Abstract
Purpose: Inactivation of p16 by aberrant methylation of CpG islands is a frequent event in carcinomas and precancerous lesions of various organs, including the stomach. The aim of this study is to investigate the relationship between p16 methylation and malignant transformation of human gastric dysplasia (DYS) based on follow-up endoscopic screening in a high-risk population.

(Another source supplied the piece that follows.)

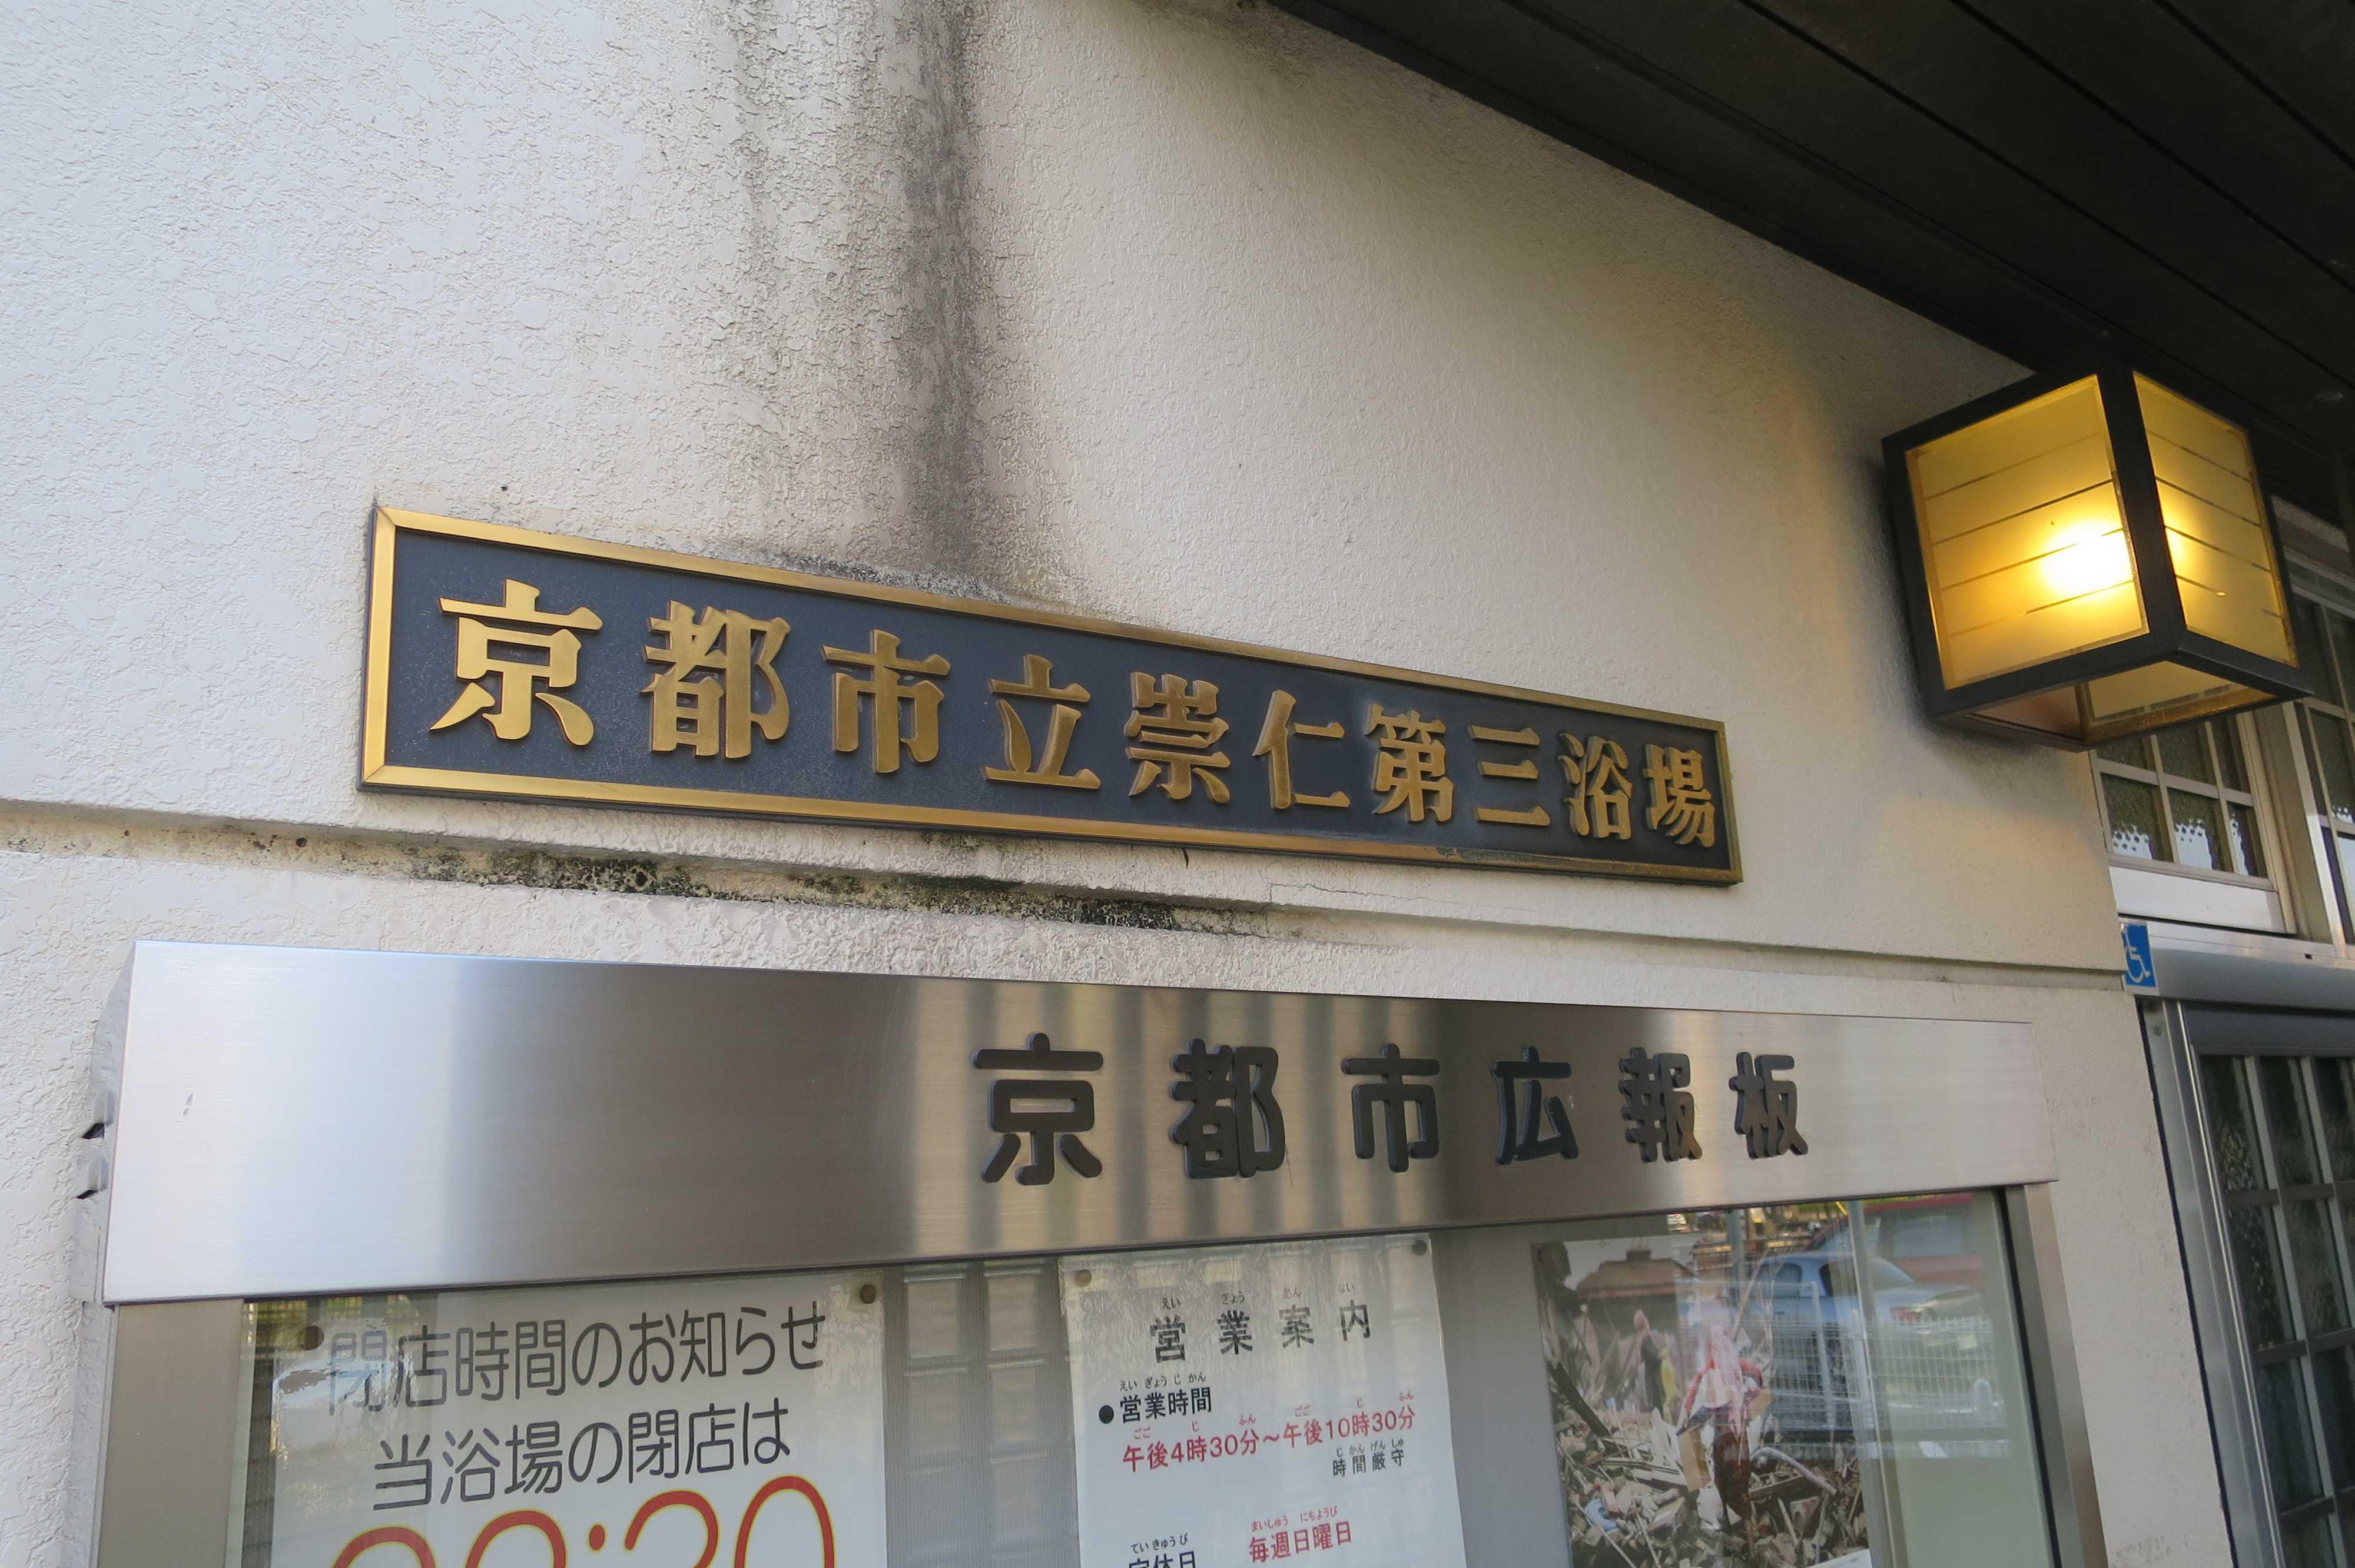 京都・崇仁地区 - 京都市立崇仁第三浴場

Experimental Design: Genomic DNA samples were extracted from paraffin blocks of gastric mucosal biopsies that were histopathologically diagnosed as low-grade DYS from patients who developed gastric carcinomas [GCs (n = 21)] and those that did not do so (n = 21) during 5 years of follow-up. The methylation status of p16 CpG islands of each sample was detected by methylation-specific PCR, denatured high-performance liquid chromatography, and sequencing.
Results: Aberrant p16 methylation was observed in 5 of 21 samples of DYS that progressed to GC but in 0 of 21 samples that did not progress to GC (P = 0.048, two-sided). Sequencing results confirmed that all CpG sites were methylated in the analyzed sequence from these five p16-methylated cases. Furthermore, p16 methylation was also observed in the five subsequent GCs. Unmethylated p16 CpG islands were detected in all of the samples without p16 methylation.
Conclusions: Our findings suggest p16 methylation is correlated with the malignant transformation of gastric DYS, and p16 methylation might be a useful biomarker for prediction of malignant potential of gastric DYS.
INTRODUCTION
Gastric carcinoma (GC) is the second leading cancer death in China and in the world. Gastric dysplasia (DYS) [noninvasive neoplasia, the Padova International Classification] is a premalignant lesion of intestinal-type GC. It was reported that about 90% of low-grade DYS lesions do not progress to malignancy during long-term follow-up (1, 2).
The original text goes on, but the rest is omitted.